In my previous draw simulations–like the one I published yesterday–I took the actual bracket as a given.  To generate the probabilities you see in yesterday’s chart, I had a computer program “play” the tournament 100,000 times, each time pitting Isner against Nadal in the first round, then the winner of that match against the winner of Giraldo/Andujar, and so on.

There’s a different way we could approach this.  Instead of starting the simulation from the point at which the draw is set, we could start from the point at which the field was set and seeded.  At that point, Isner would know that he is not seeded–and thus, that he would probably face a seed in the first or second round–but not which higher-ranked player he would face.

So, instead of 100,000 simulations of the actual French Open bracket, we can do 100,000 simulations of the draw itself, followed by simulating each ensuing bracket.  Sometimes, Isner draws Nadal, sometimes he draws Hanescu, and so on.

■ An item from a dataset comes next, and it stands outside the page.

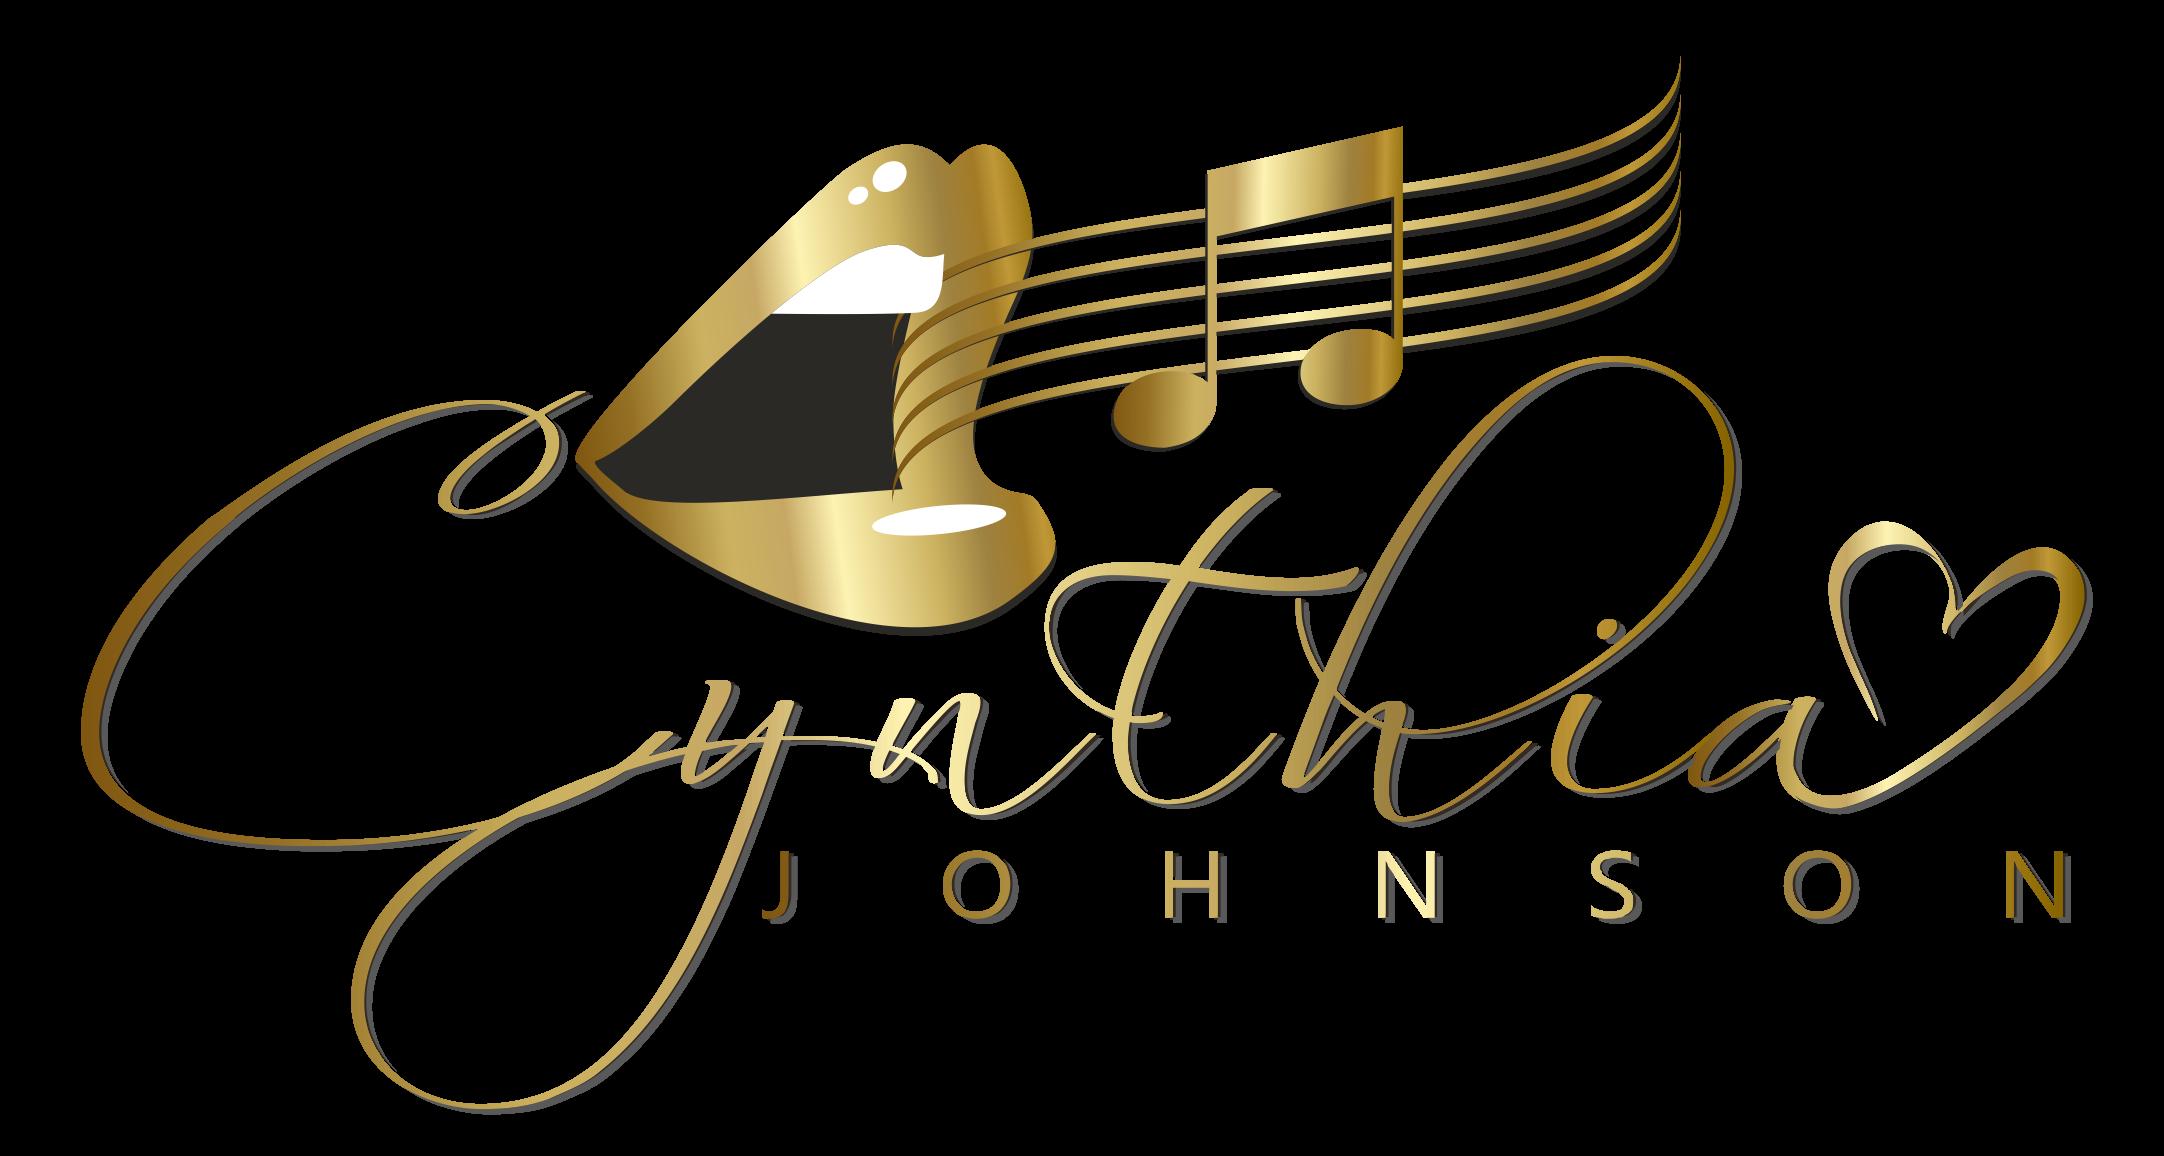 Cynthia Johnoson
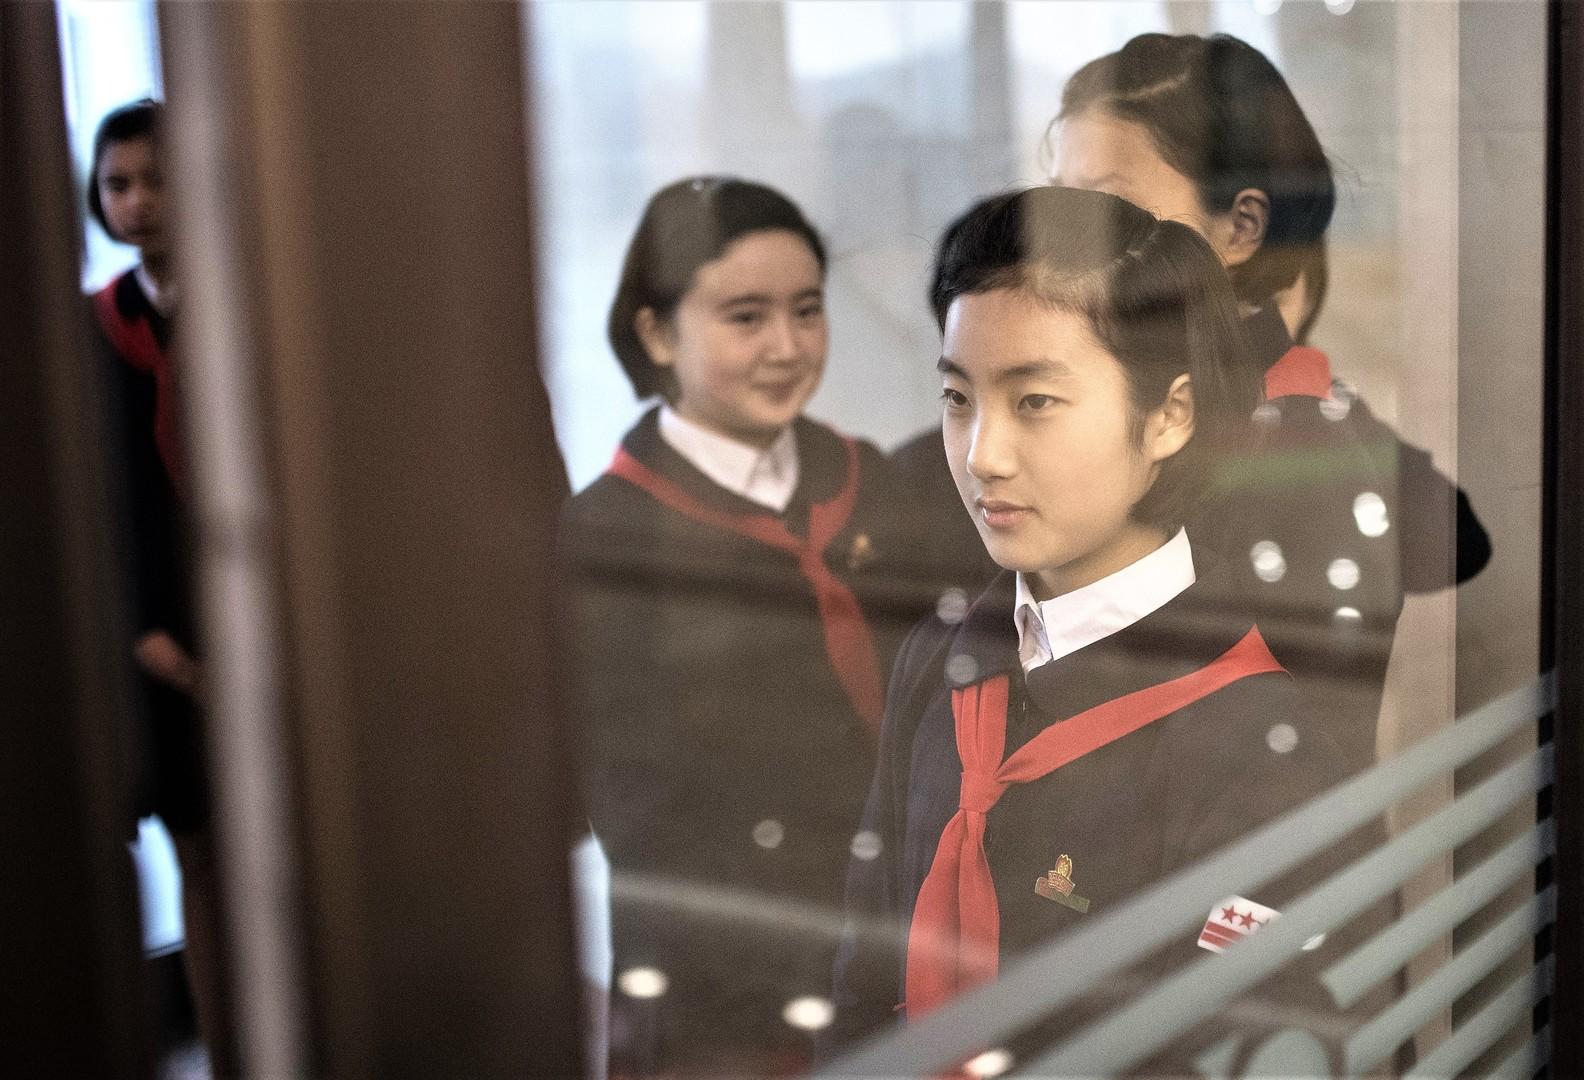 Schülerinnen im Palast der Kinderkreativität in Pjöngjang, 14. April 2017.

Measuring draw implications

A good way to gauge a player’s overall chances at a tournament is his predicted prize money.  Most players don’t have a significant chance of winning most tournaments (especially slams), so to compare Giraldo’s 0.01% chance of winning the title with Cuevas’s 0.02% chance doesn’t tell us much.  But if we consider the possibility that each player reaches each round, we can estimate that Giraldo will take home E24,600, while Cuevas will collect E29,500.  These numbers represent an average of the first-round prize money, second-round prize money, and so on, weighted by the probability that the player will reach each of those stages.

With this metric, we can compare the implications of the actual draw with the implications of the randomized draw, in which, for instance, Nadal could play any one of the 96 unseeded players in the first round.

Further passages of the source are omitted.